I’m Steve Rossi. I have been an attorney for over 30 years. I was the former legal counsel to the sixth largest teachers union in the country. I am a former prosecutor and FBI Agent. I have taught at the state and national level how to avoid liability in school cases and how to conduct school investigations into student or teacher misconduct. I try to educate students and parents like a Guru in the area of school issues. My legal team and I have handled many suspension cases over the years and as a result I have come up with Steve Rossi’s top ten things that schools will not usually tell you about your suspension or representation. Feel free to contact my office for a free consultation if you are in suspension situation. While this list is not all inclusive, it is what I have found to be the more common things that schools do not tell you.
1.They don’t tell you that you can appeal the decision!

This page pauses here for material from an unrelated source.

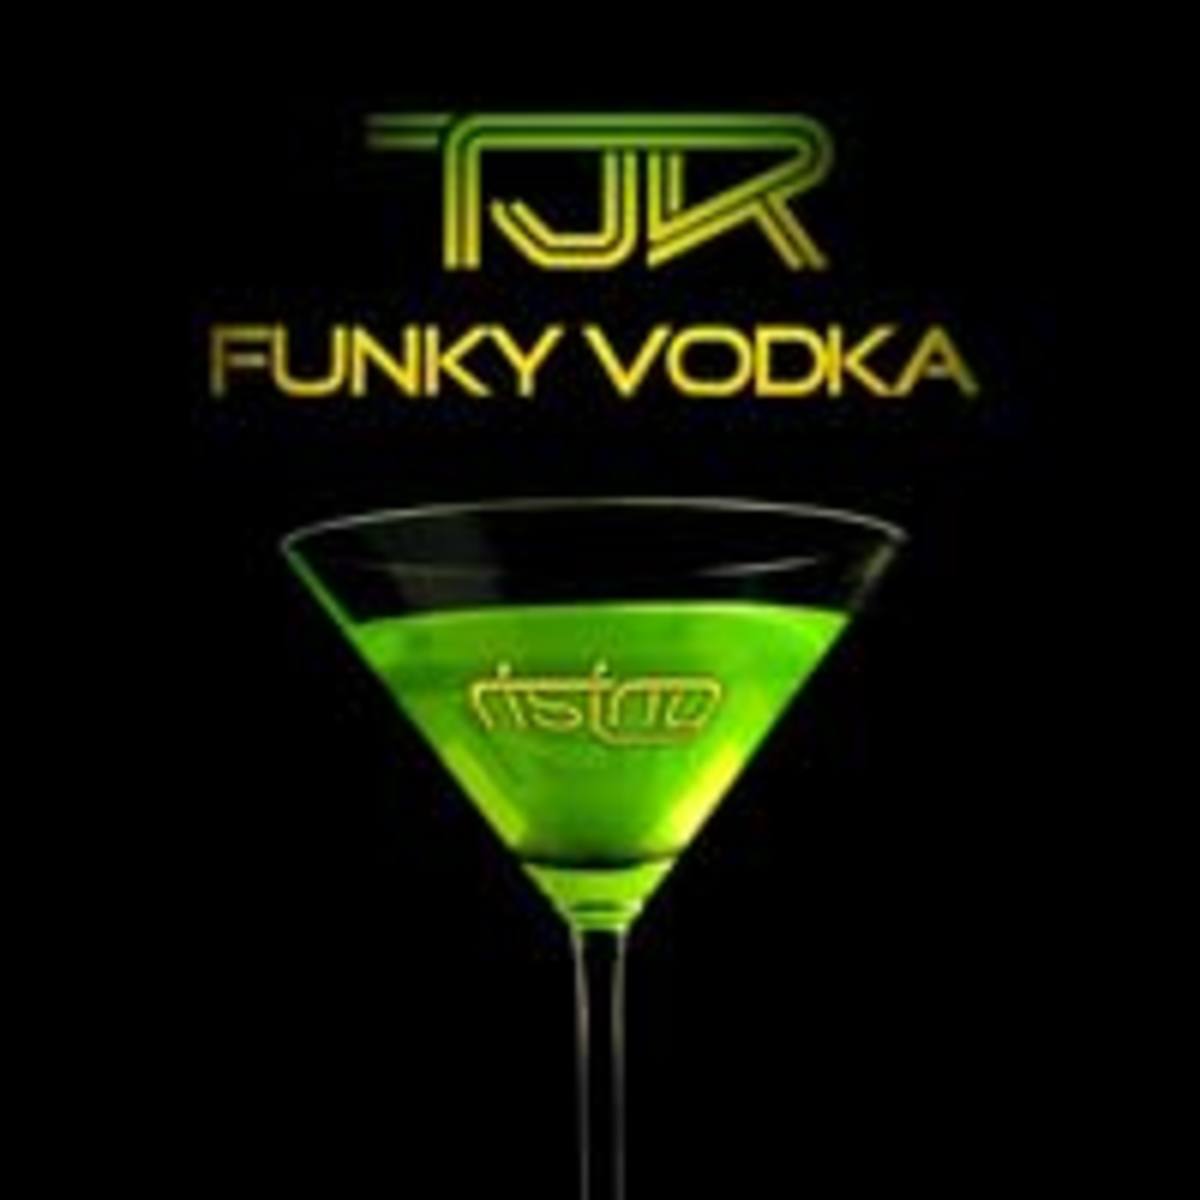 TJR-Funky-Vodka-Rising-Music

What you say? You got to be kidding me Guru Steve. No, I wish I was. Time and time again, I will ask the student or parent, Did anyone tell you that almost always you have a right to appeal the suspension? The answer is sadly no, just about every time. Why, you ask?
Well, first, if the school or school district does have an appeal procedure in place, they expect you to know about it already. Secondly, I believe that the reason they don’t tell you is because this will now create extra work for them and their staff. No extra money for that extra work. Third, they don’t want to bring more attention to the matter. Oh my gosh what would happen if other parents or students know they can appeal suspensions? That means more work for the school!
- They don’t tell the student or parent that the student usually can call their parent if they are called in for questioning by school administration.
- They don’t tell the student or parent that they can hire an attorney to represent them. (usually in public schools only many private schools do not allow attorneys to come to any meeting or hearing)
- They don’t tell the student or parent that the student has a right not to answer questions or not to write a statement of what happened.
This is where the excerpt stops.